Imagine if, two years ago, someone had told you that Nick Sirianni was going to take the Eagles to the Super Bowl with Jalen Hurts as his quarterback. You might have asked them to get checked out in the blue tent.

The Eagles won their Super Bowl at U.S. Bank Stadium with second-year head coach Doug Pederson; backup quarterback Nick Foles having taken over for the injured Carson Wentz; and with skill-position players named Alshon Jeffery, Nelson Agholor, LeGarrette Blount and Zach Ertz.

This season's NFC champ features four starters who are holdovers from the team that won at U.S. Bank Stadium — offensive linemen Lane Johnson and Jason Kelce and defensive linemen Brandon Graham and Fletcher Cox.

They ditched Wentz, who had been on track to win the MVP award in 2017 before he was injured, and invested in Hurts, a second-round draft pick who had lost his starting job at Alabama and was unproven as a passer.

Pederson won the Super Bowl in his second year as Eagles head coach.
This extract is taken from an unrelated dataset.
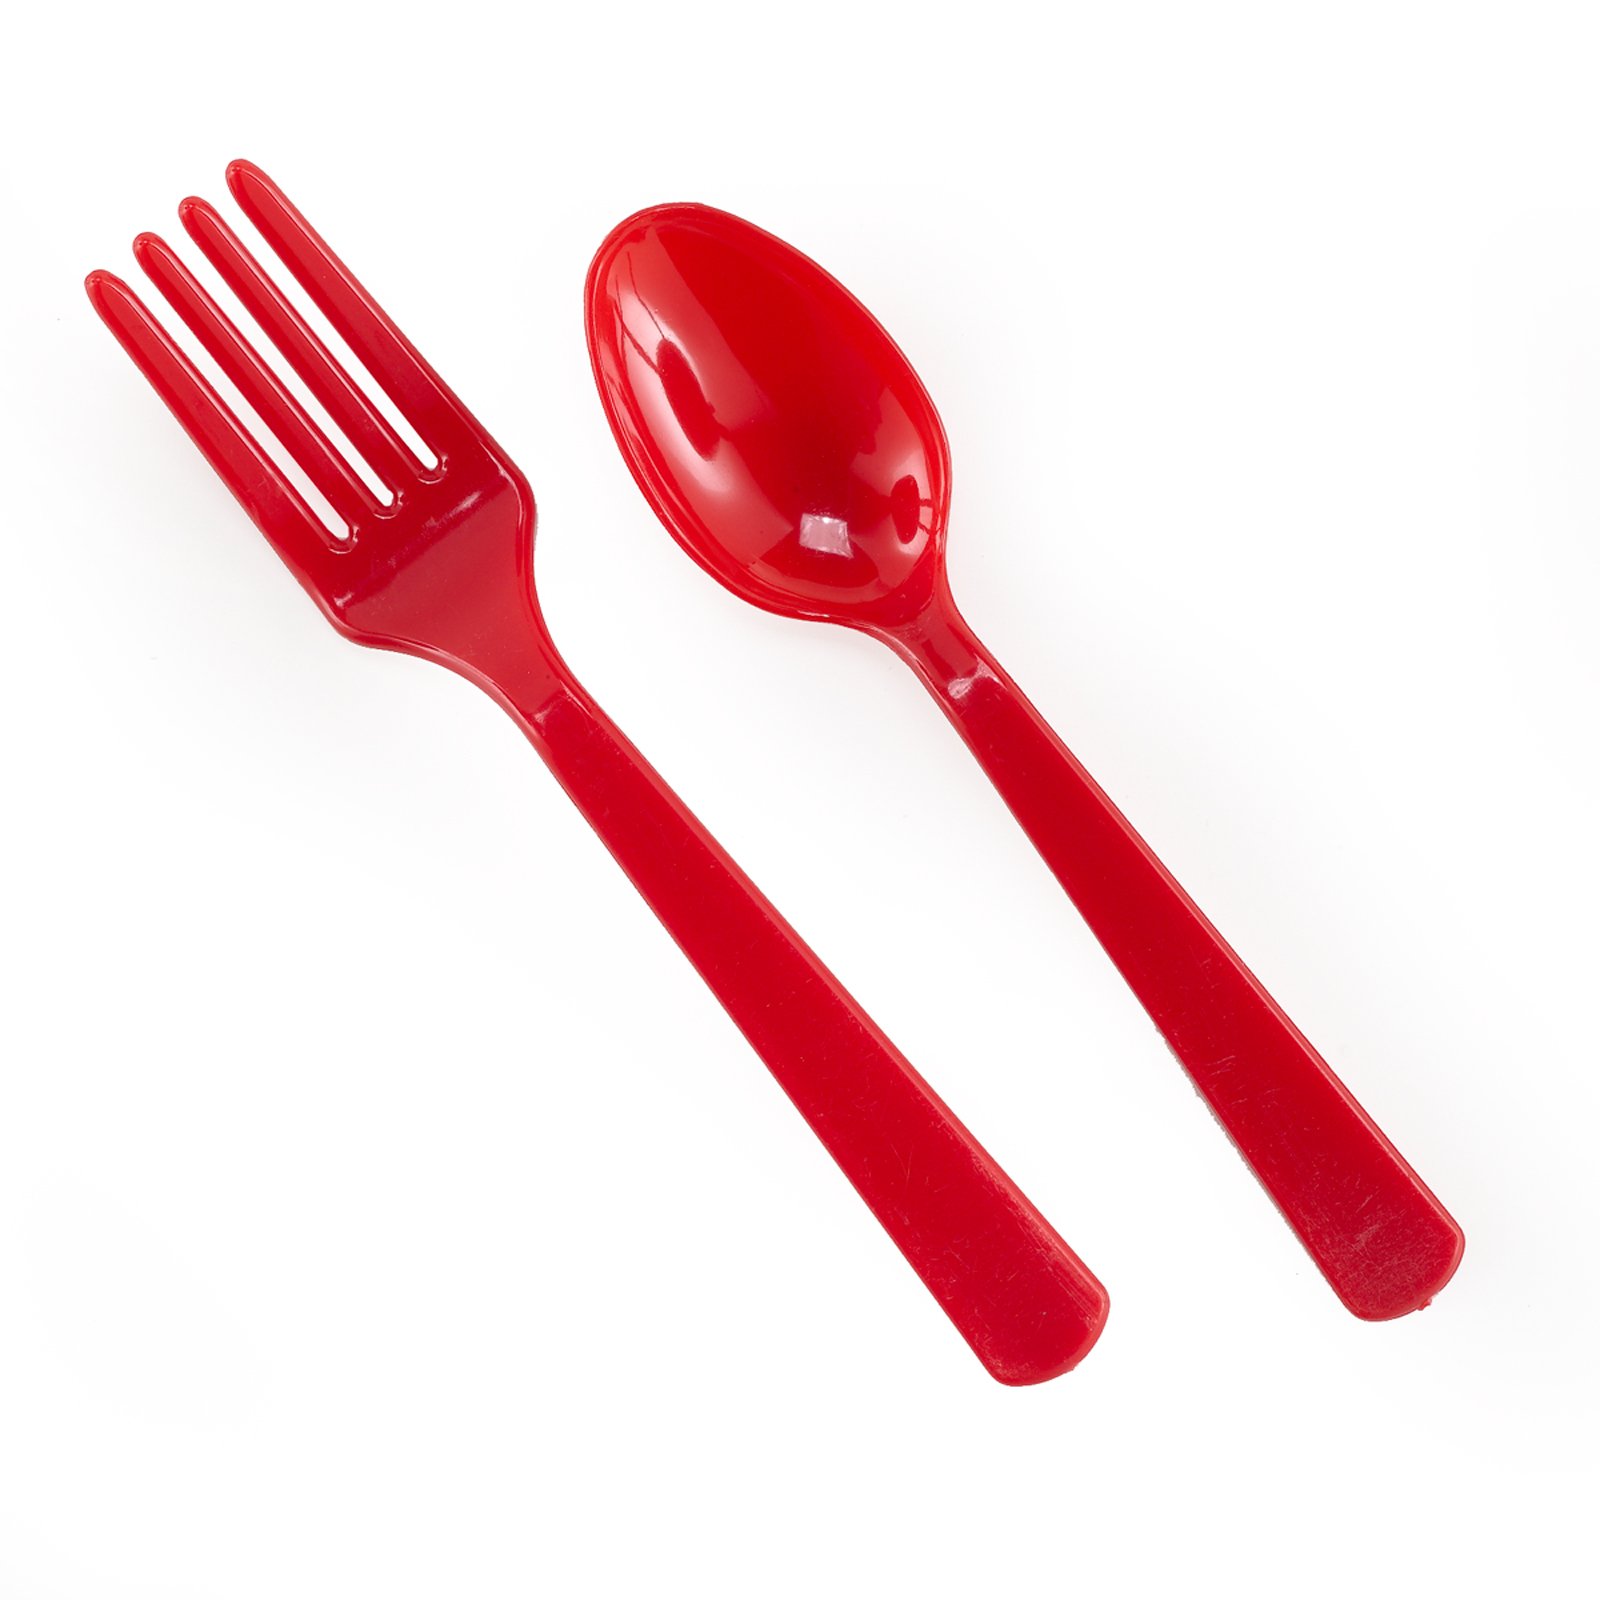 Red Forks and Spoons (8 each)

He was replaced with Sirianni, a seemingly anonymous offensive assistant with the Colts. Sirianni is taking the Eagles to the Super Bowl in his second season as head coach.
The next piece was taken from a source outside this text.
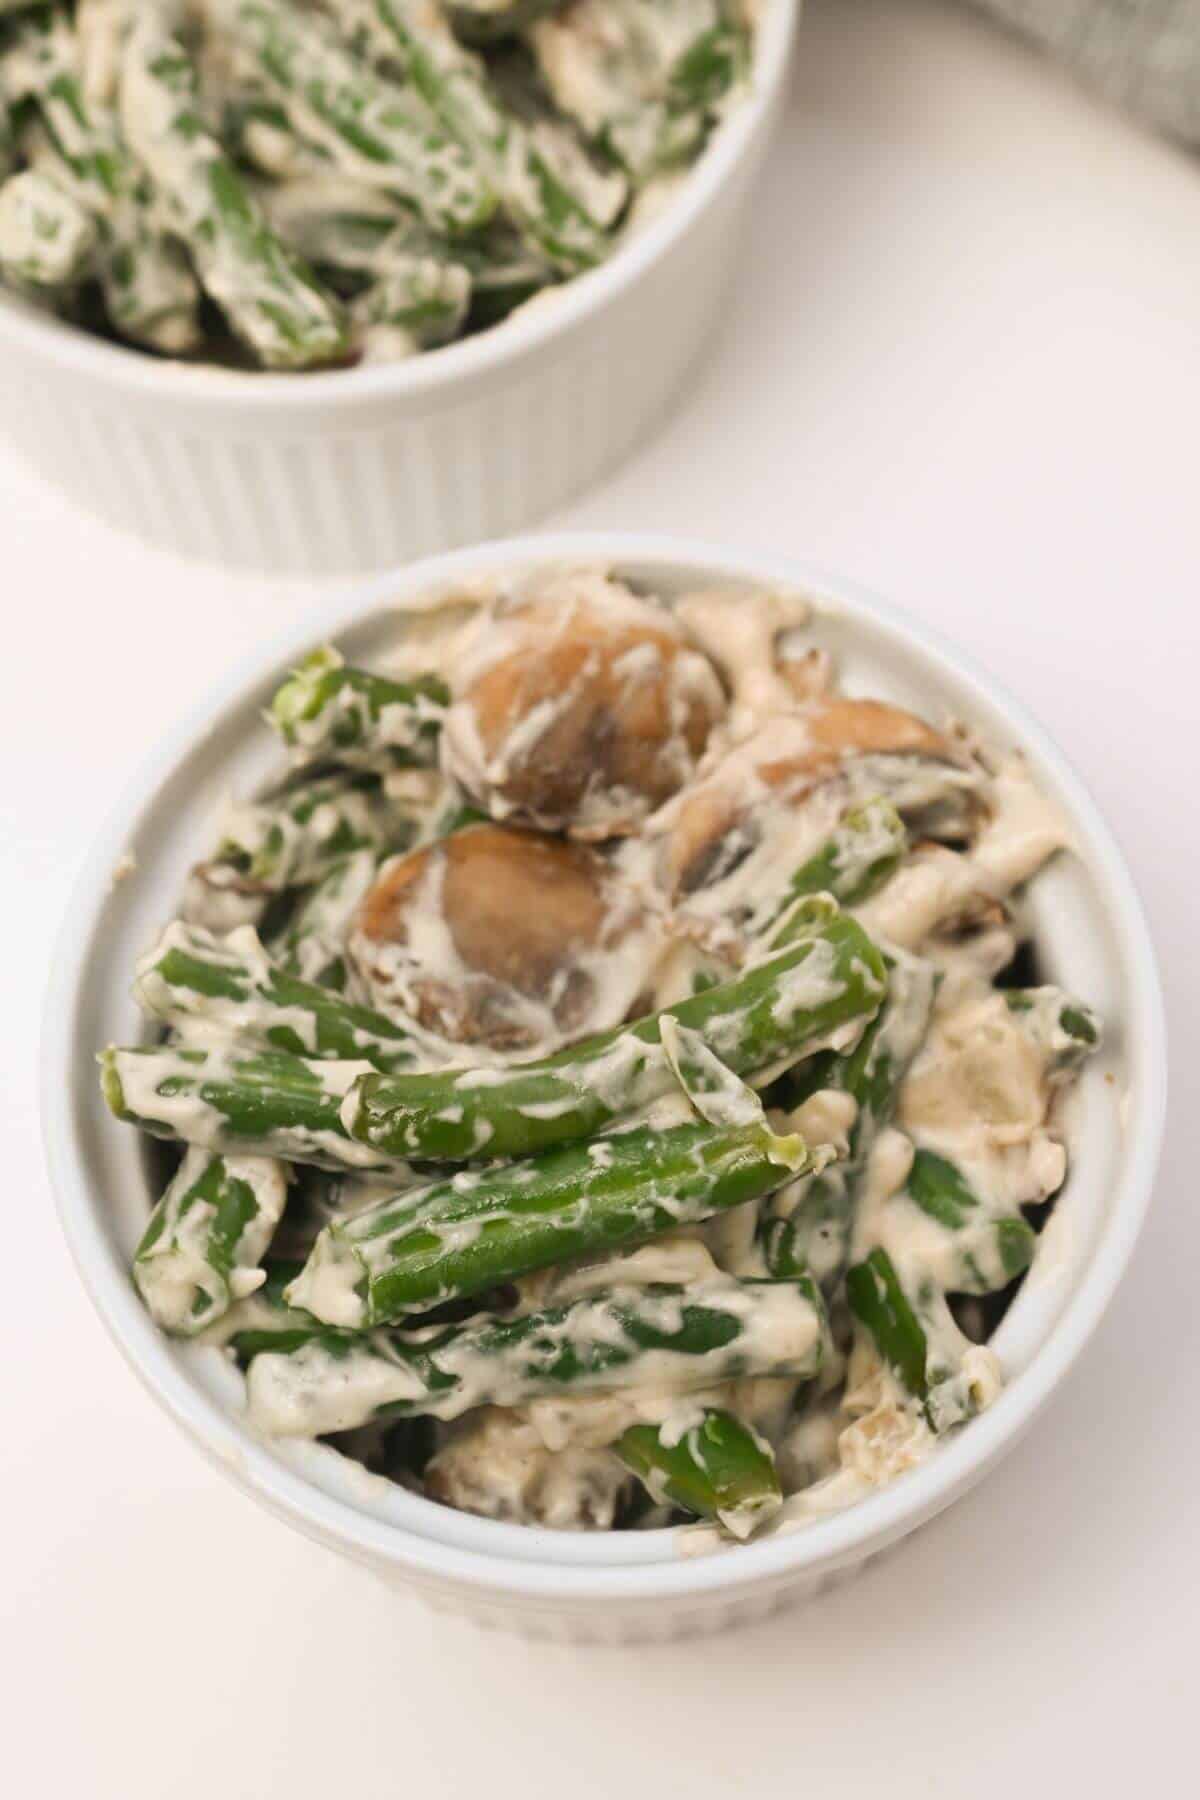 Green beans and mushrooms in a white bowl.

A year ago, Hurts was an impressive runner who struggled to pass against better defenses. This year, he was efficient as a runner and passer and might have been the front-runner for NFL MVP if he had remained healthy all season.

Other than the four remaining starters, there has been one constant for the Eagles over the past five years — General Manager Howie Roseman.

He's the most valuable member of the franchise, and proof that even the best make mistakes — and that the best can recover from them.

Roseman chose Jalen Reagor over Justin Jefferson in the 2021 draft. He spent the second pick in the 2016 draft on Wentz.

Either is the kind of mistake that can cost you your job, but Roseman has built such strong rosters that he was able to win one title with Wentz's journeyman backup, and might win another with a second-round pick who not long ago was considered, at best, a developing passer.

The Vikings might drool over Patrick Mahomes and Joe Burrow, but Roseman is proof that winning in the NFL is about more than star quarterbacks.

While Bill Belichick has won nothing without Tom Brady as his quarterback, Roseman built a team that beat Brady in the Super Bowl with a backup quarterback.

Now Roseman has a chance to win two Super Bowls, five years apart, with a new head coach, coordinators, quarterbacks, skill-position players, linebackers and secondary.

Virtually everyone who visits Philadelphia for a sporting event pays homage to the Rocky statue in front of the Philadelphia Museum of Art.

Spoiler alert: Rocky was a fictional character. His victories were the product of scriptwriters.

In Philly these days, Roseman is the scriptwriter. His statue should stand next to Rocky's. And it should be bigger.